NJ jobless claims top 930,000 in six weeks, as 72,000 more file
The number of new jobless claims filed by New Jersey residents shrunk by half last week compared with a week earlier to around 72,000, according to a weekly Labor Department report. That brings total new filings for unemployment benefits in the state since mid-March to over 930,000.
It’s the smallest jump in six weeks, since the coronavirus-related business closures and stay-at-home orders were imposed – but also the sixth largest jump in more than 33 years of record-keeping at the state level.
Around 622,000 New Jersey residents were receiving unemployment benefits for the week ending April 18, which amounted to 15.5% of workers covered by unemployment insurance.
Roughly 200,000 applicants who have not yet received benefits are self-employed, independent contractors or those who do not have enough recent earnings to qualify for regular unemployment benefits, according to the state labor department. But they are likely eligible under the CARES Act and those payments will begin flowing on Friday.
“We know that people are anxious to receive these benefits — and we want to get benefits out the door as quickly as possible — but we had to build from scratch a process to determine eligibility, protect claimants’ personal information, prevent fraud and distribute these new benefits,” said Labor Commissioner Robert Asaro-Angelo.

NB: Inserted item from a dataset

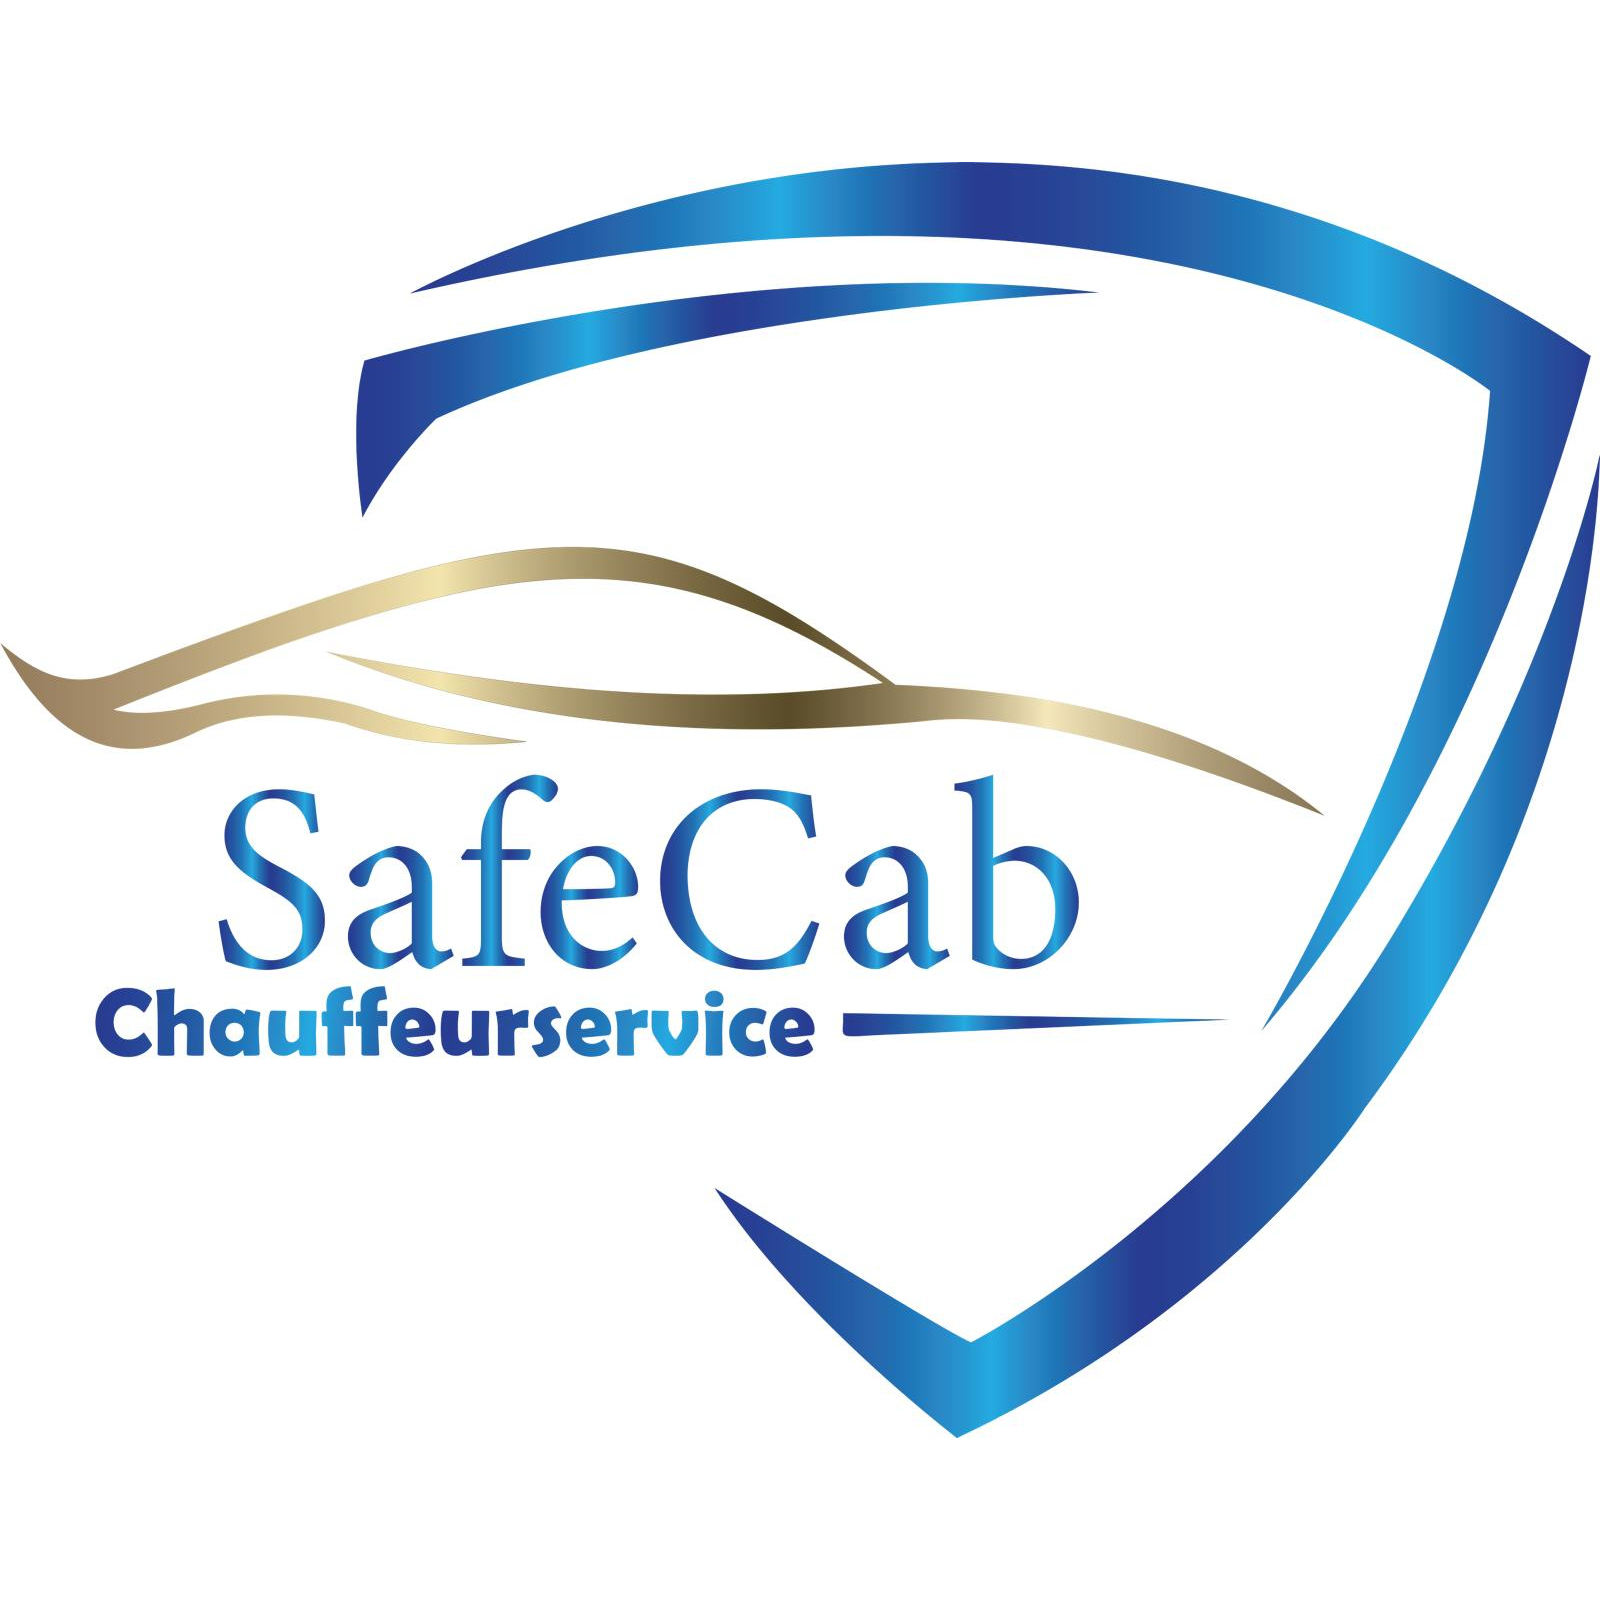 SafeCab Chauffeurservice Logo
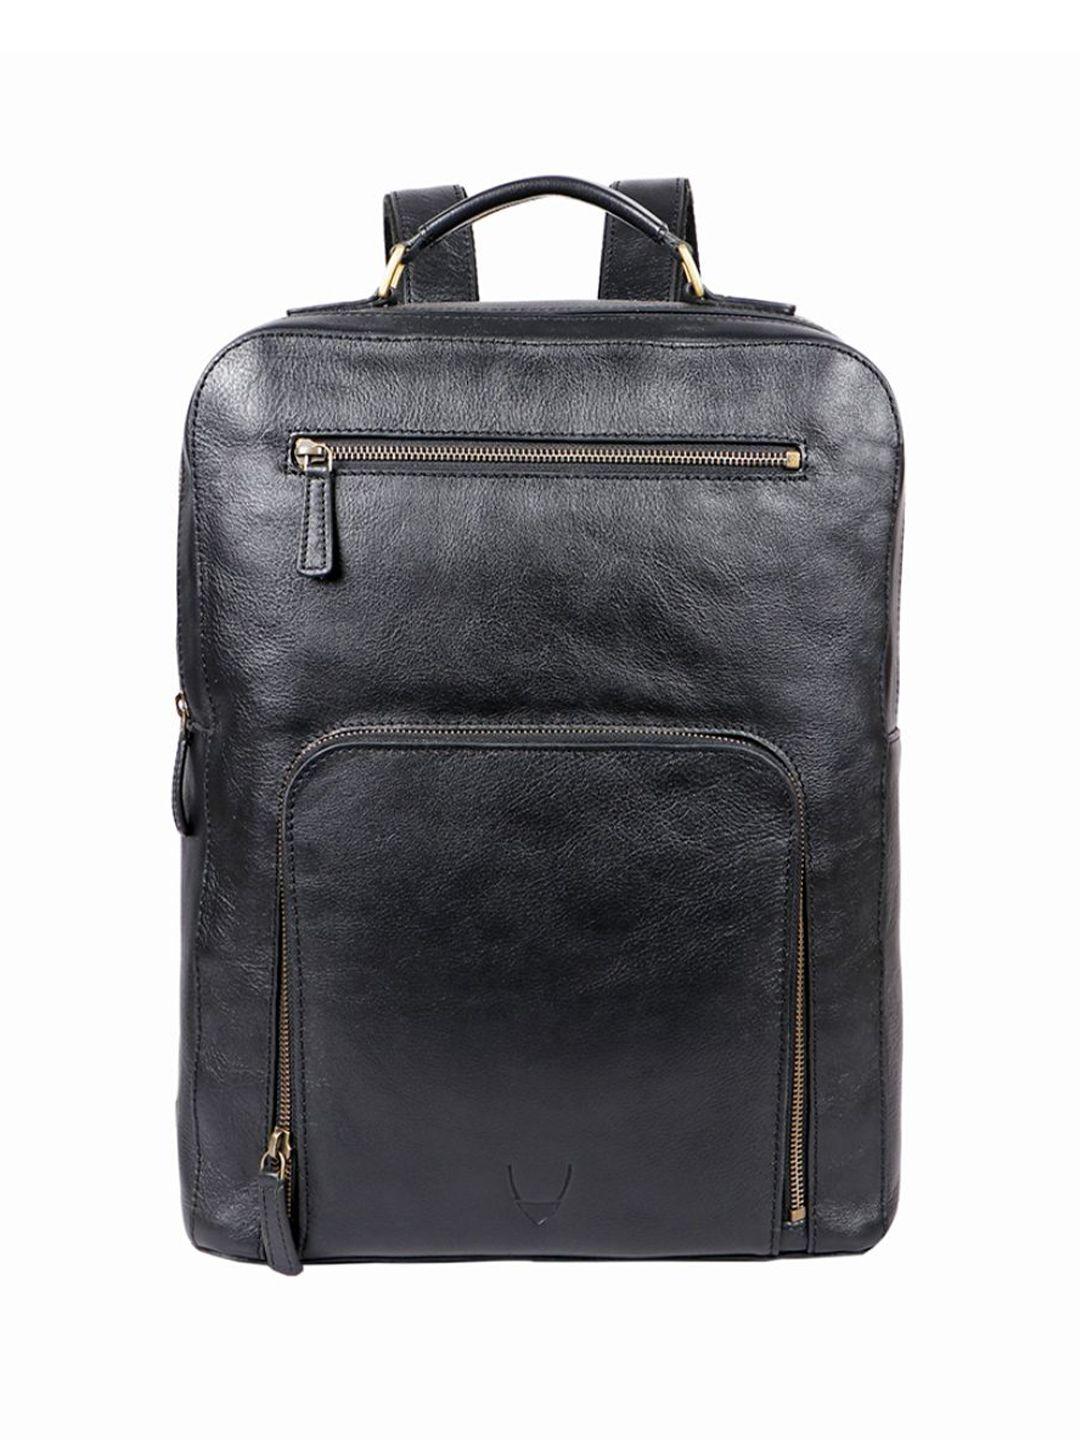 hidesign men non-padded leather backpack

Since the start of March, the state has paid out around $1.4 billion in unemployment benefits to laid-off and furloughed workers in New Jersey, including $727 million in state benefits and $690 million in supplemental federal payments.
Nationally, another 3.8 million people filed first-time claims for unemployment benefits last week. More than 30 million Americans have filed for unemployment over the last six weeks.
The only states with larger improvements than New Jersey in the number of new claims in the week ending April 25 were California, where it dropped by around 200,000, and Connecticut and Florida, where the change were roughly the same as the 69,122 in New Jersey.